4. Zucchini
Zucchini is a powerful little vegetable that is both filling and hydrating. It encourages healthy digestion and detoxifies the body.
Due to its high fiber content, zucchini has cleansing effect on our digestive tract, especially the intestines. It acts as a mild laxative, cleaning the walls of the intestines and preventing carcinogenic toxins from settling in the colon.
Zucchini can be dark green or yellow, and is typically roasted, grilled or added to baked dishes. Most of the nutrients are in the skin, so leave it on when preparing meals. For maximum benefits, eat raw zucchini.
And if you choose to eat dairy or healthy organic animal products then the following can be beneficial for your digestion:
5. Ghee
Ghee is actually clarified butter with many of the milk fats, sugar and lactose removed. Unlike butter, ghee won’t turn rancid at room temperature and retains its original flavor and freshness for up to a year – amazing!
While other fats and oils can slow down the body’s digestive process and give us that “heavy” feeling in our stomach, ghee stimulates the digestive system by encouraging the secretion of stomach acids to break down food.
Organic ghee can be found at your local health food store, but it’s also very easy to make using cultured, organic, unsalted butter.
6. Bone Broth
Bone broth is a simple, easy, cost-effective way to improve digestion, reduce inflammation and protect against infection.
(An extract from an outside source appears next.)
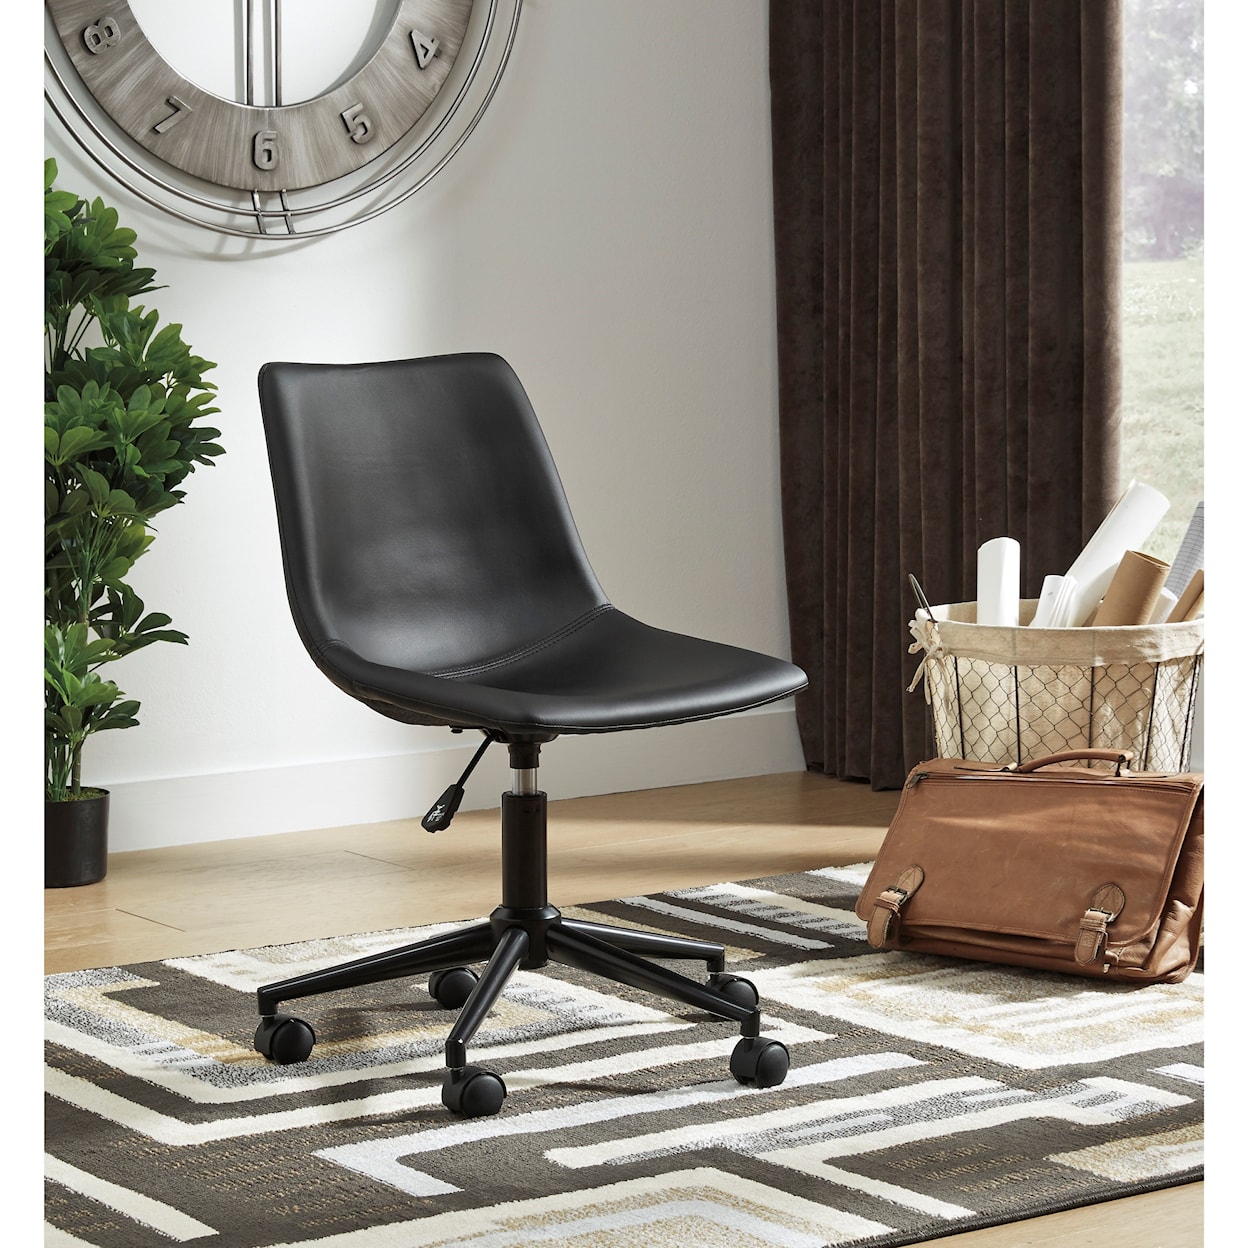 Signature Design by Ashley Furniture Office Chair Program Home Office Swivel Desk Chair
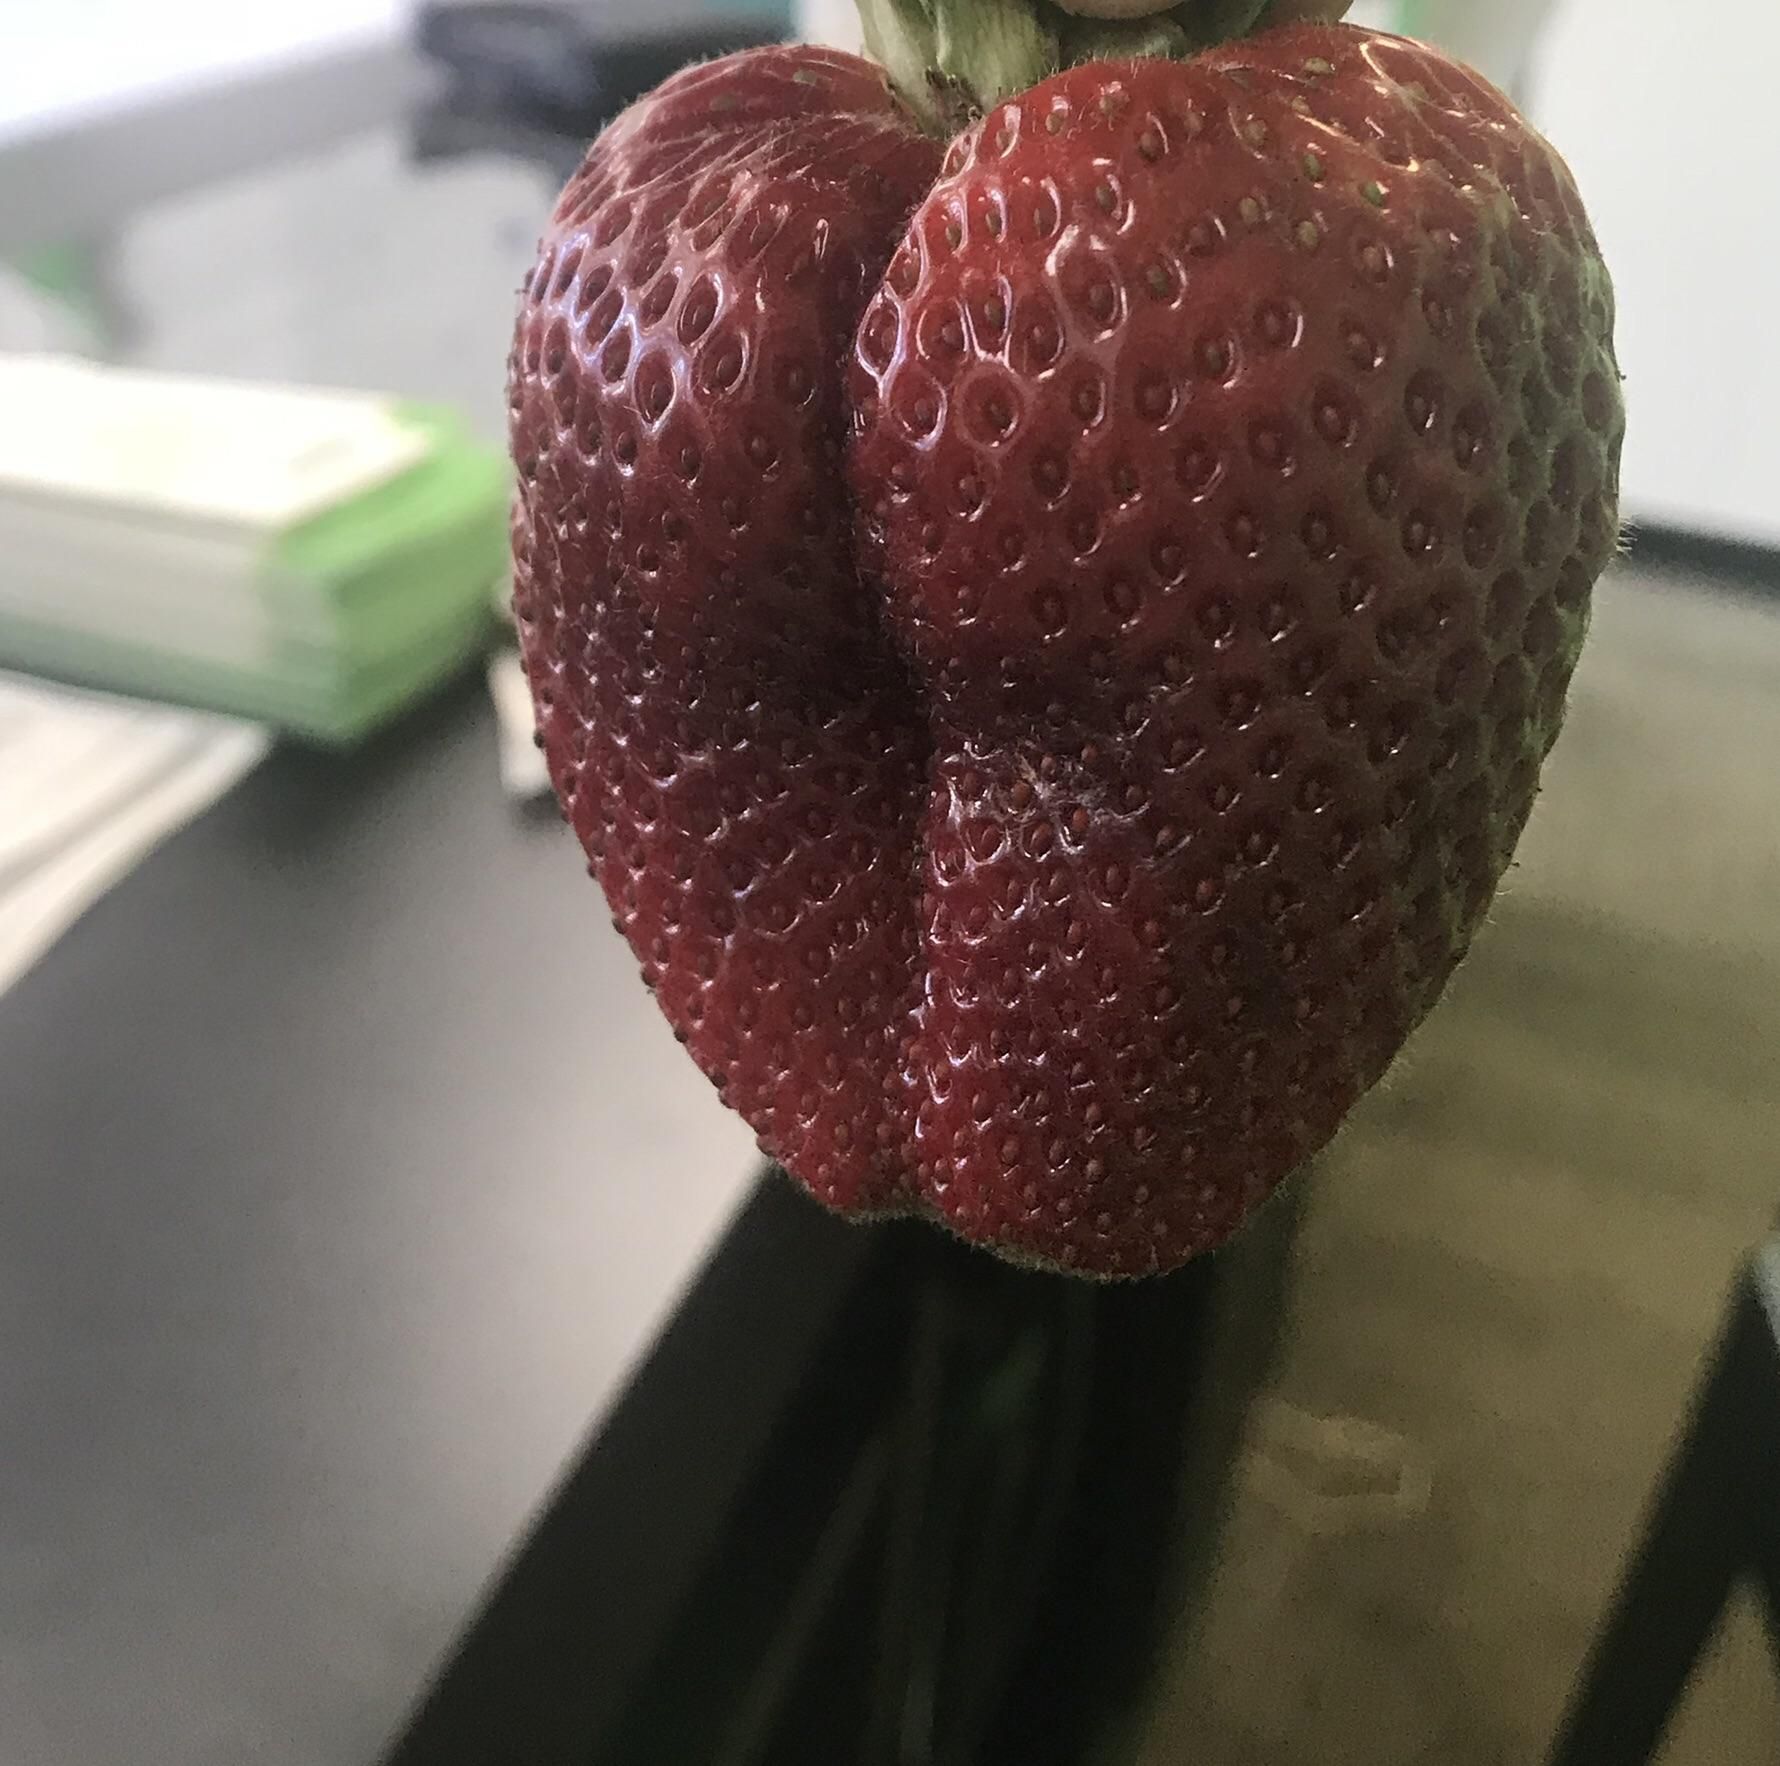 All of a sudden, I wanna eat strawberries again.

The gelatin found in bone broth attracts and holds liquids that help heal and seal the gut, supporting proper digestion.
Bone broth also contains easy-to-absorb minerals, including calcium, magnesium, phosphorus, sulfur chondroitin and glucosamine.
Try making a stew and saving the broth. Using a slow cooker, fill the bottom with veggies (carrots, celery, onion, etc.), add bones from organically-raised, pastured or grass-fed animals, a clove of garlic, dash of salt, a tablespoon of apple cider vinegar and cover all ingredients with water. Simmer over low heat for an entire day. Strain and serve.